Coexistence of a choriocarcinoma and a gonadoblastoma in the gonad of a 46,XY female: a single nucleotide polymorphism array analysis.

Pediatr Dev Pathol 2010 Jan-Feb;13(1):66-71

Département de Pathologie et Biologie Cellulaire, Université de Montréal, 2900 Boul, Edouard-Montpetit, Montréal, Québec H3T1J4, Canada.

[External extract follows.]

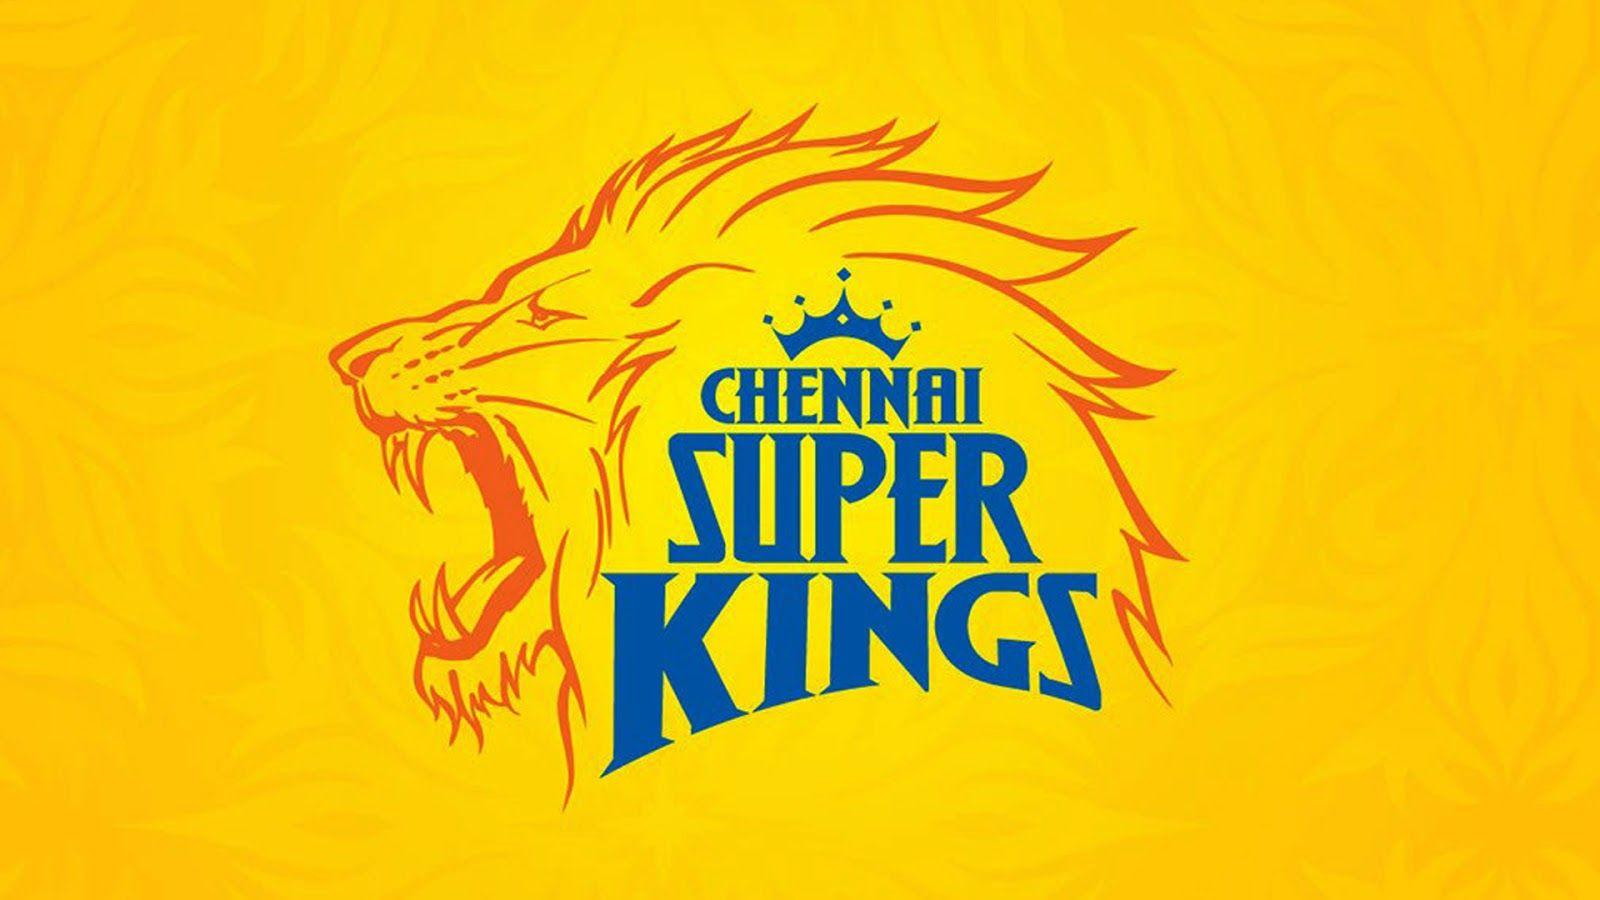 Chennai Super Kings HD Wallpaper Download Free 1080p. Chennai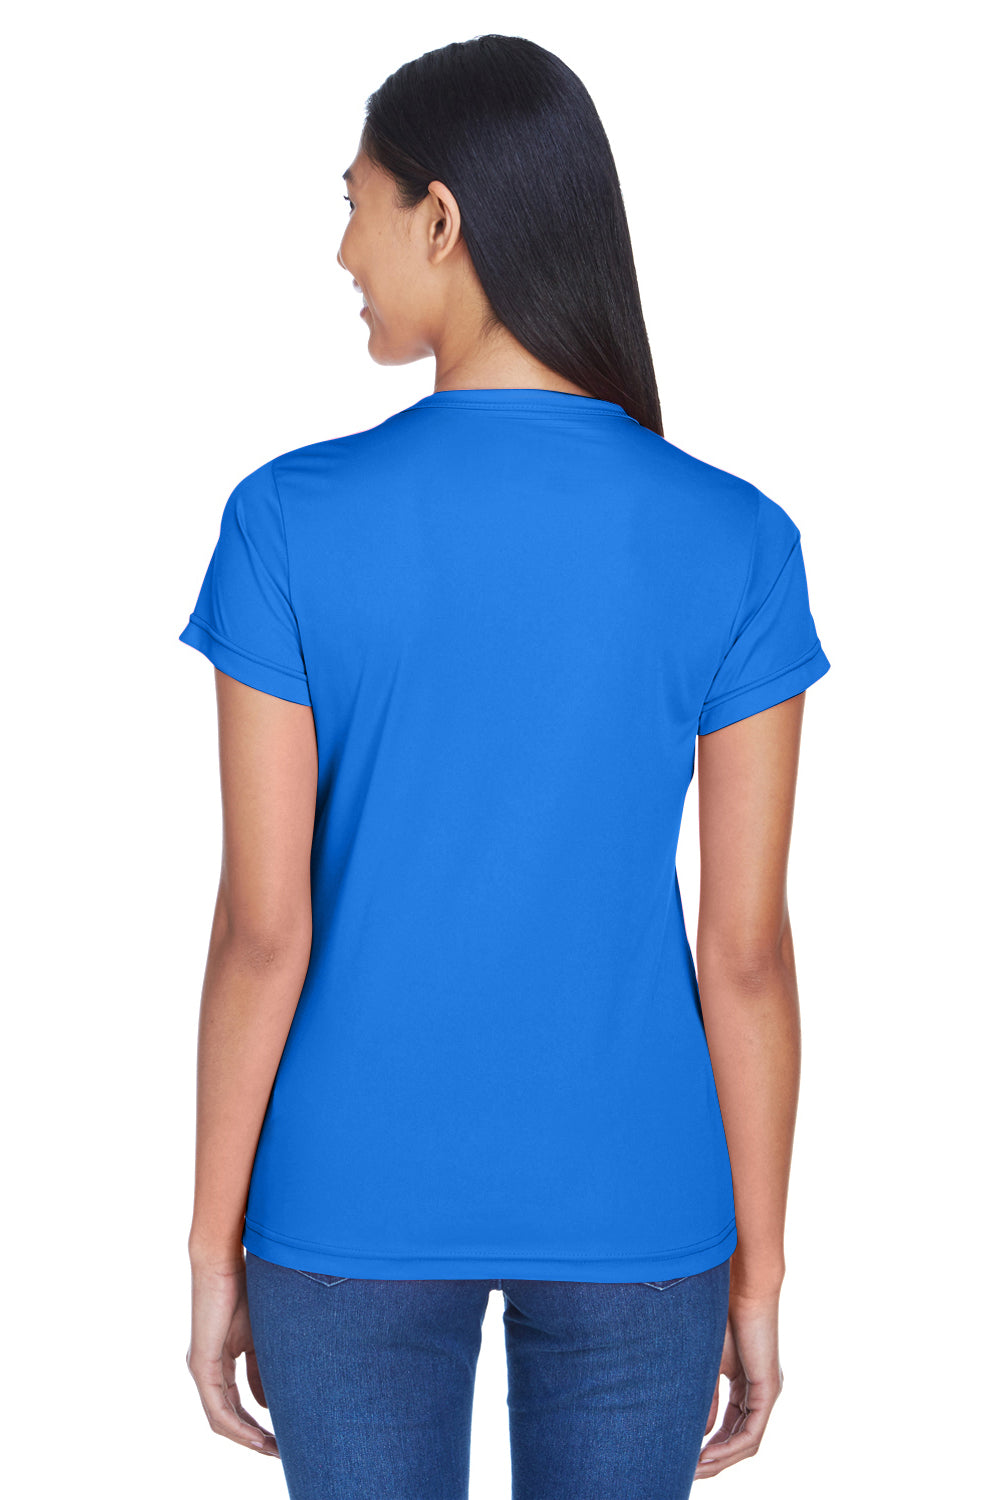 UltraClub 8420L Womens Cool & Dry Performance Moisture Wicking Short Sleeve Crewneck T-Shirt Royal Blue Back

Females with 46,XY complete gonadal dysgenesis are at significant risk of developing germ cell tumors, mostly gonadoblastomas. We present here the case of 2 half-sisters, sharing the same father, diagnosed with 46,XY complete gonadal dysgenesis. The 1st sister developed a gonadoblastoma and an invasive dysgerminoma, whereas the 2nd sister developed a gonadoblastoma and an invasive choriocarcinoma within the same gonad. No SRY mutation, chromosome abnormalities, or mosaicism were detected in blood. Single nucleotide polymorphism (SNP) profiling of the choriocarcinoma revealed a complex hyperdiploid pattern with gains of 1 to 4 copies of material from several autosomes, as well as the loss of the Y chromosome and a homozygous SNP profile without copy number change for the X chromosome. Our results are in agreement with the recurrent chromosome gains and losses previously published in germ cell tumors, and the coexistence of both tumors within the same gonad suggests that choriocarcinomas may derive from gonadoblastomas.